■ Exercise directions
Take the material below and extract the lines from the one with "This figurine, commemorating" through the one with "Toilet Paper: Issue 19", word for word, without pictures.

--- Data extracts ---

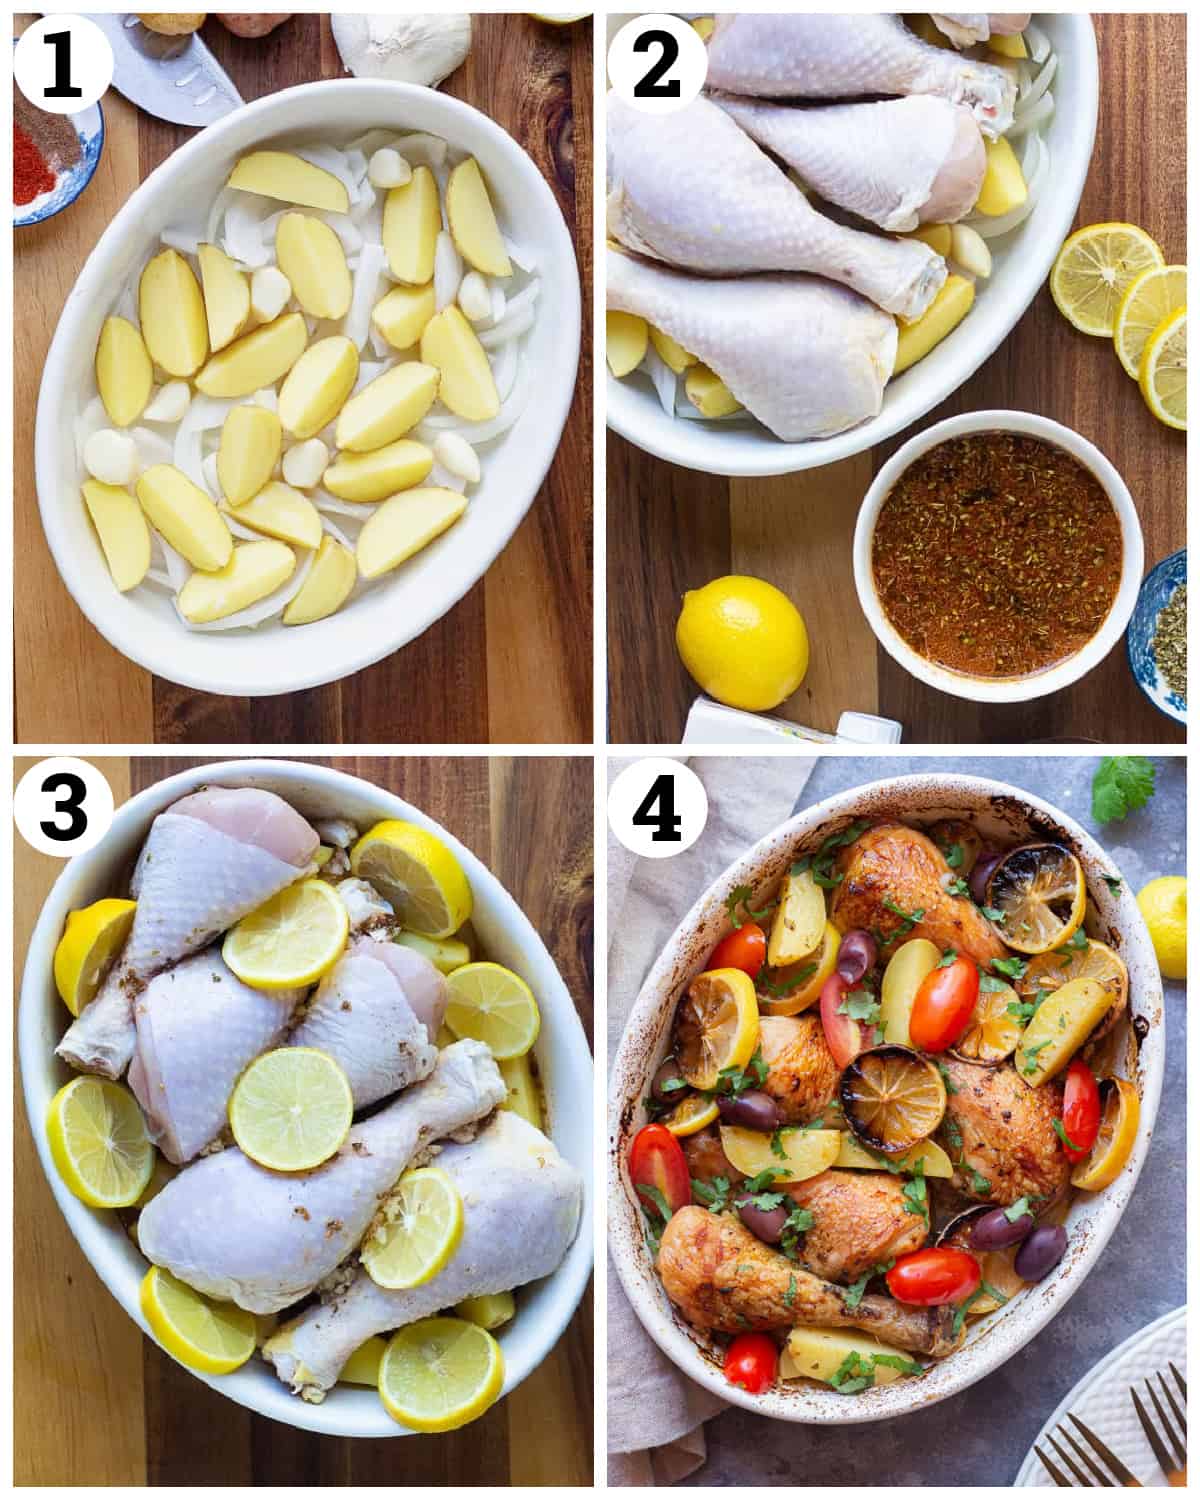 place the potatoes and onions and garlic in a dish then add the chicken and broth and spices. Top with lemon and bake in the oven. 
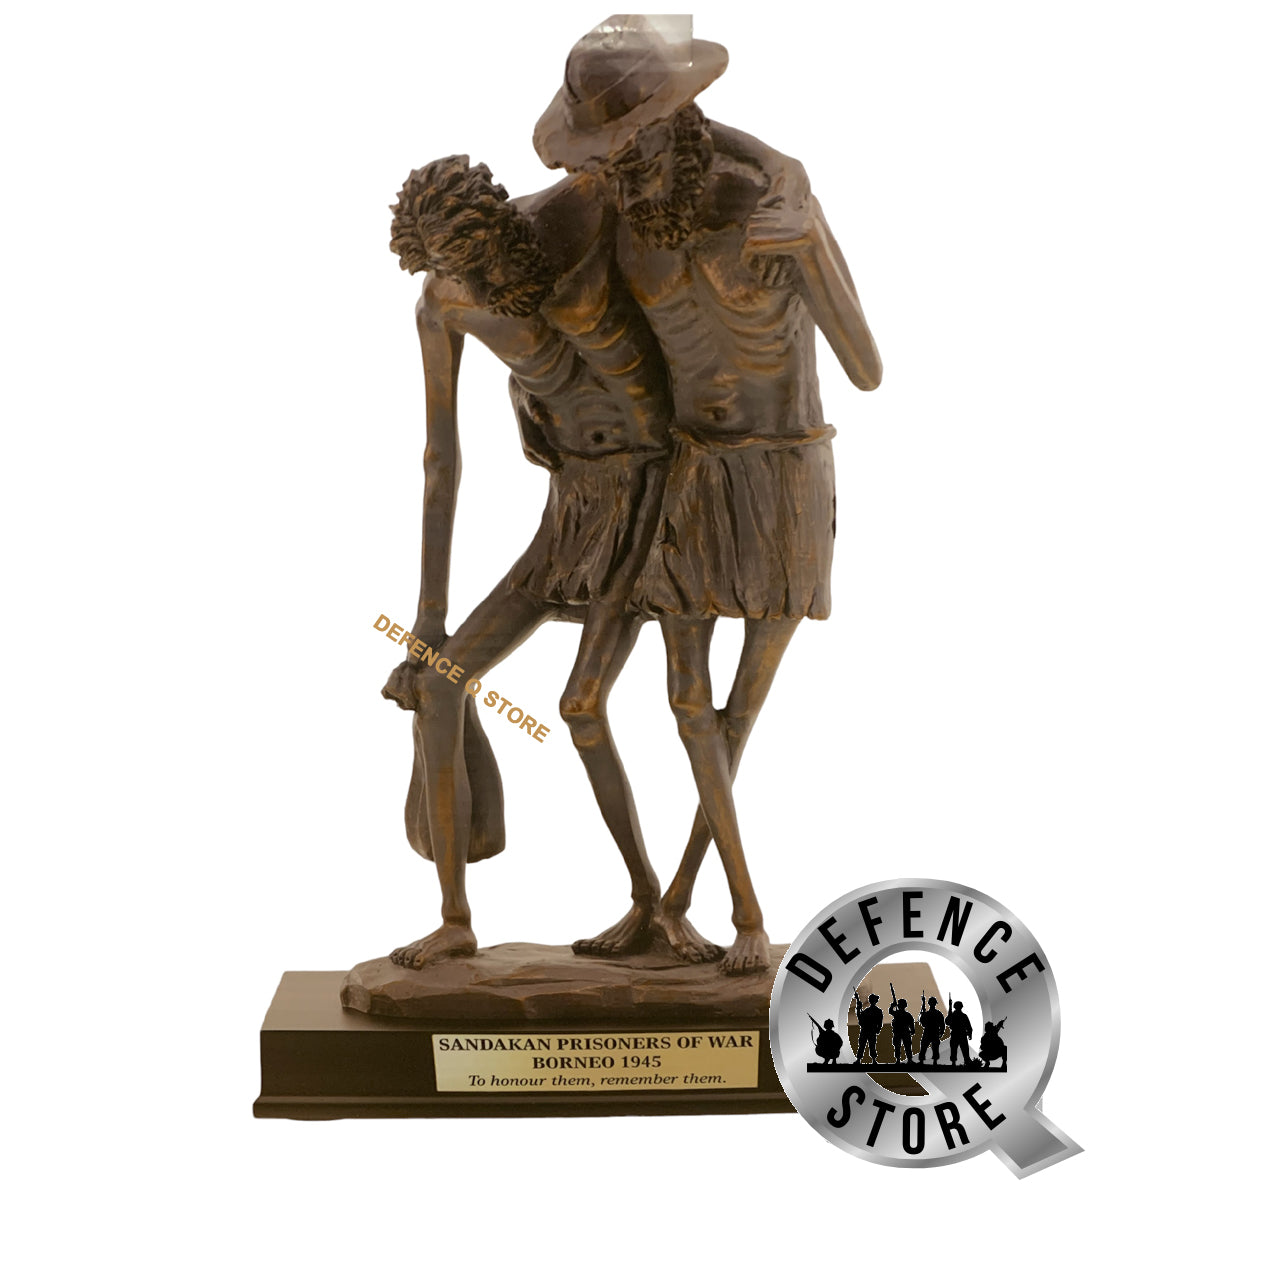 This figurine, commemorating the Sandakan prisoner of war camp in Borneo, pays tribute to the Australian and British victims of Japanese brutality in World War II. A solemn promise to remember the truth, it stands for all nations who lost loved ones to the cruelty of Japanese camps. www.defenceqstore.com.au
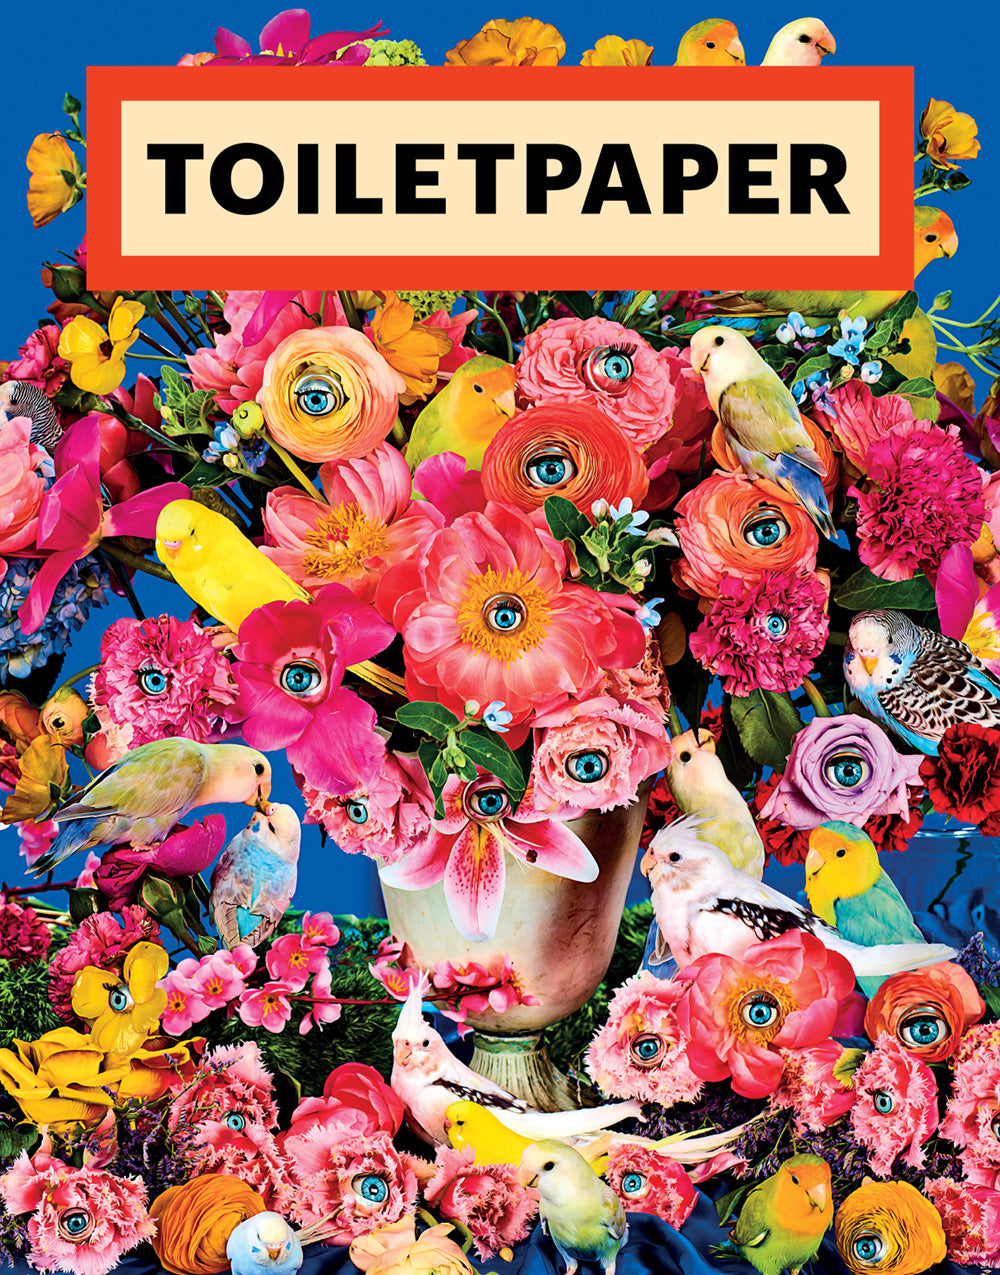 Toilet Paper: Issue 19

---
--- Data extracts ---

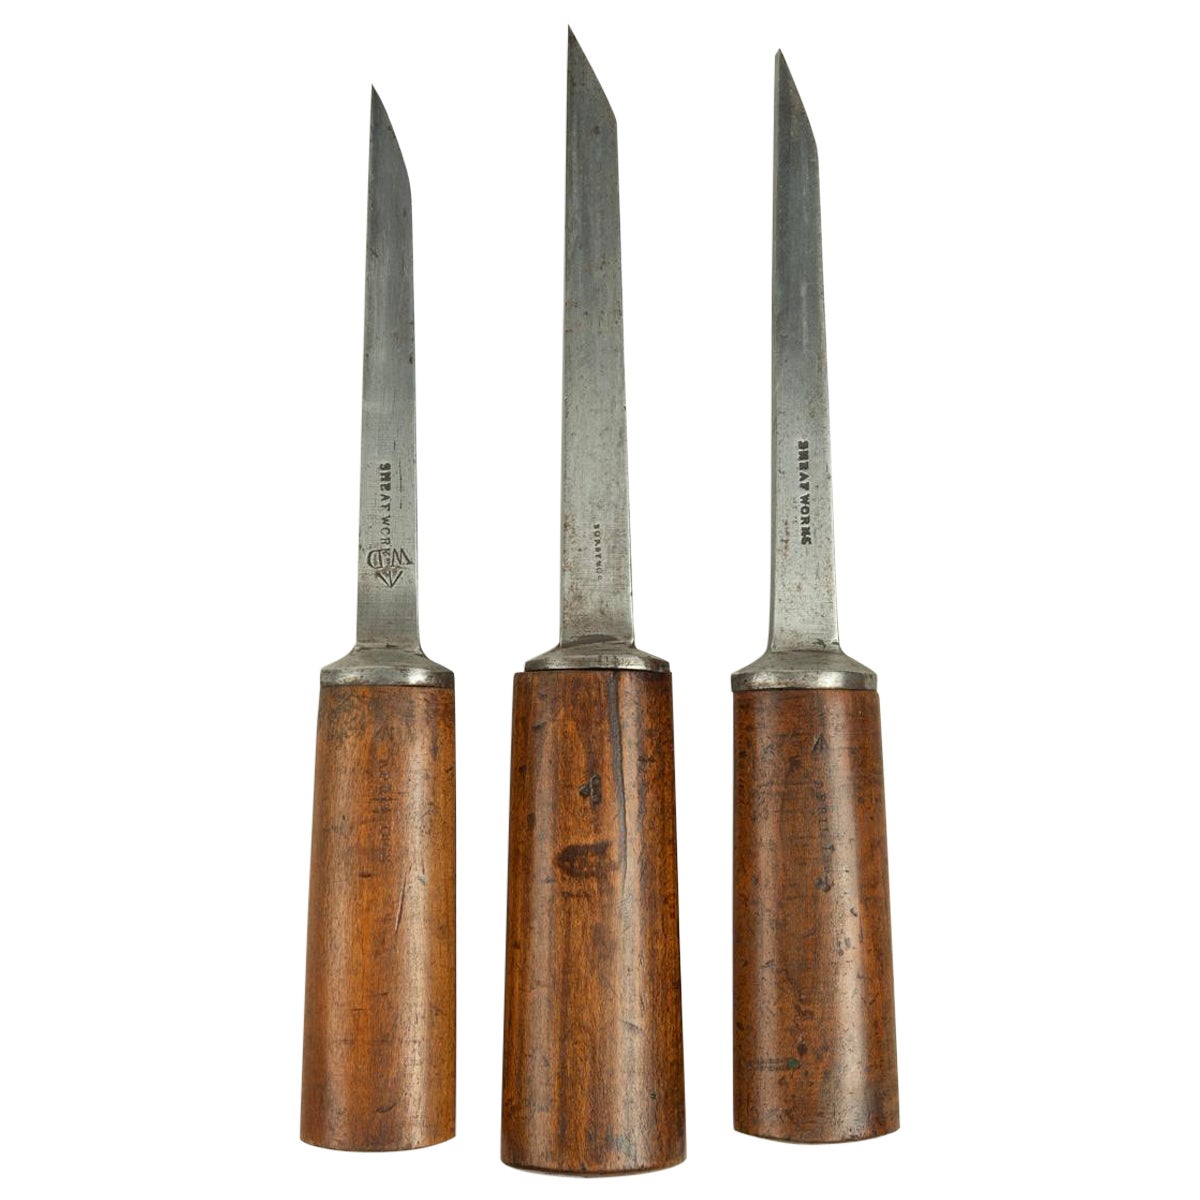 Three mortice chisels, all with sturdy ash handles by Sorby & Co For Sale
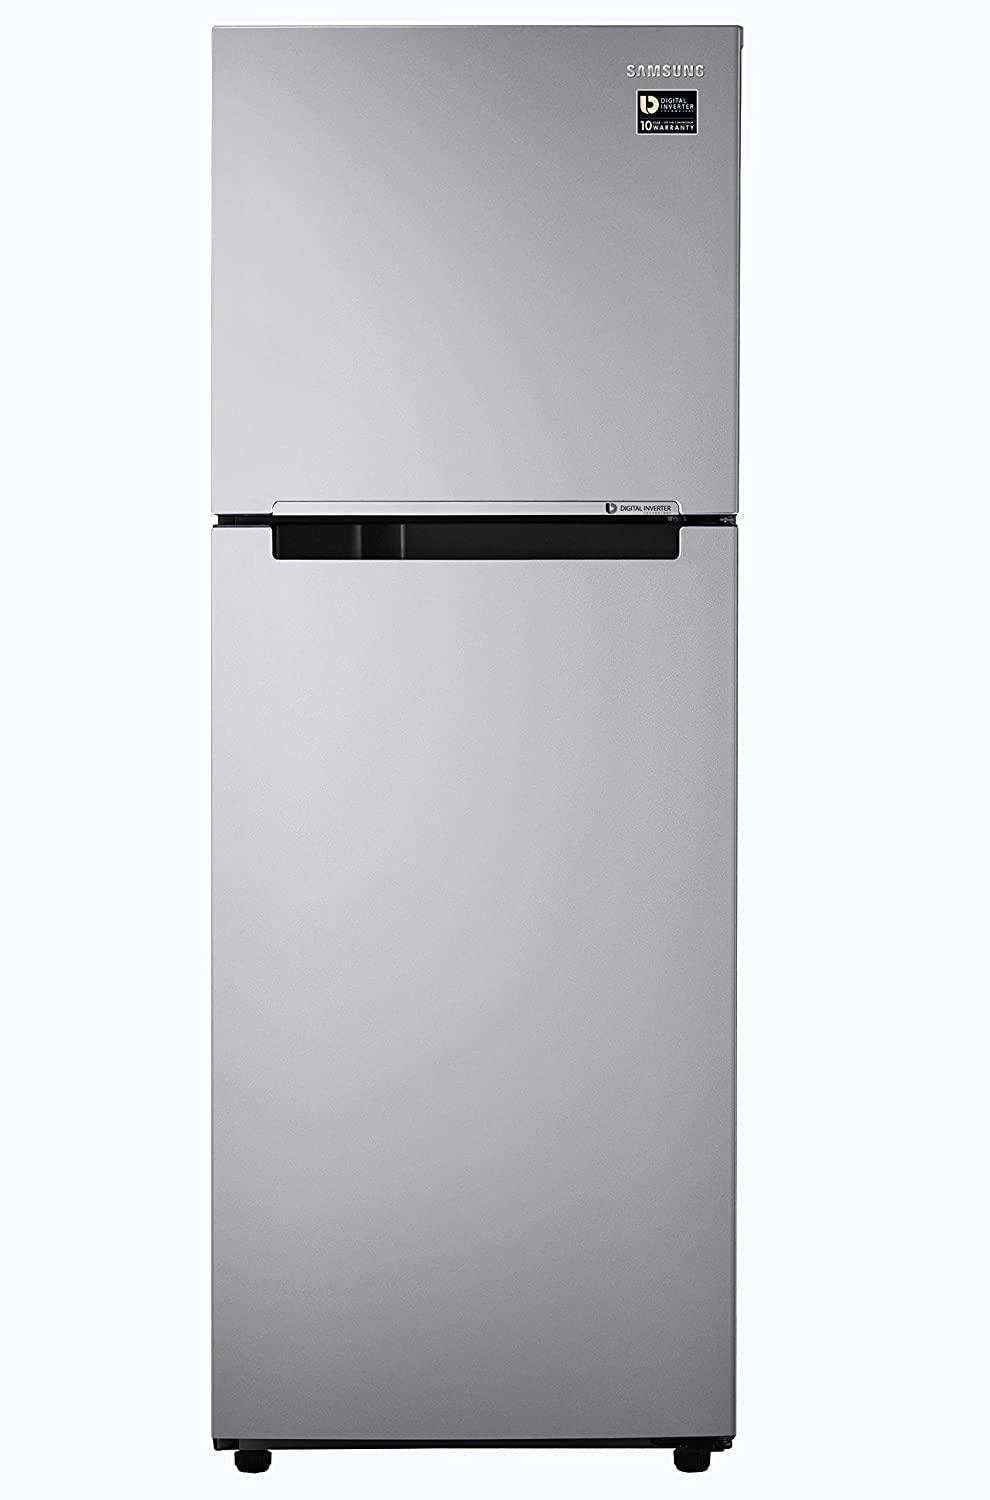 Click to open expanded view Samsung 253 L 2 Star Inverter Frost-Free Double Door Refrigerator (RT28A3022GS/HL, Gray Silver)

---
--- Data extracts ---

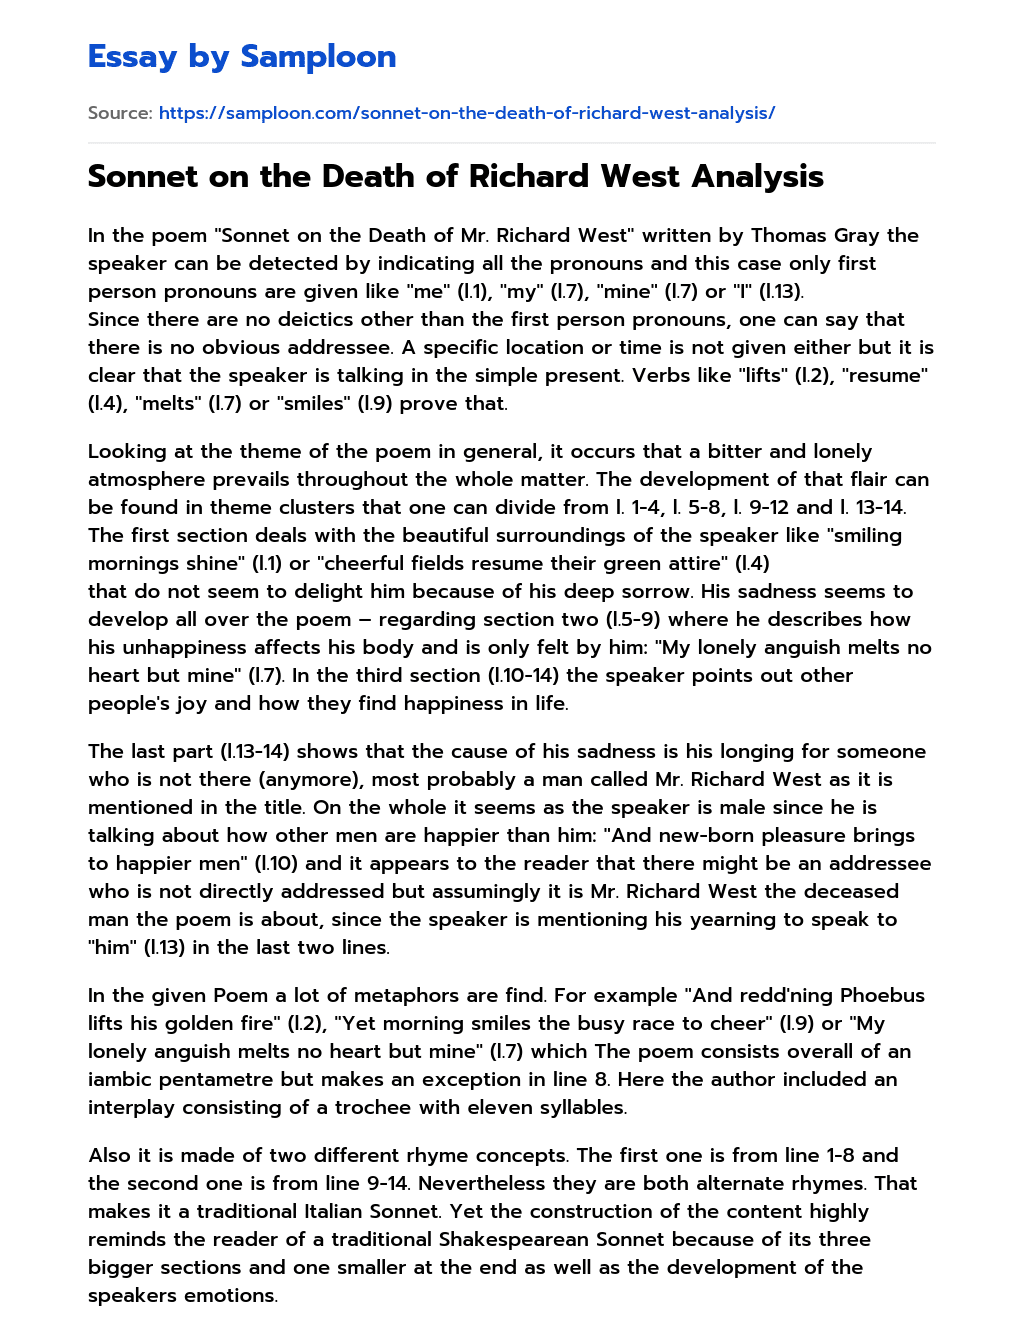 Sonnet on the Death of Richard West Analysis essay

---

■ Solution to this problem
 This figurine, commemorating the Sandakan prisoner of war camp in Borneo, pays tribute to the Australian and British victims of Japanese brutality in World War II. A solemn promise to remember the truth, it stands for all nations who lost loved ones to the cruelty of Japanese camps. www.defenceqstore.com.au
 Toilet Paper: Issue 19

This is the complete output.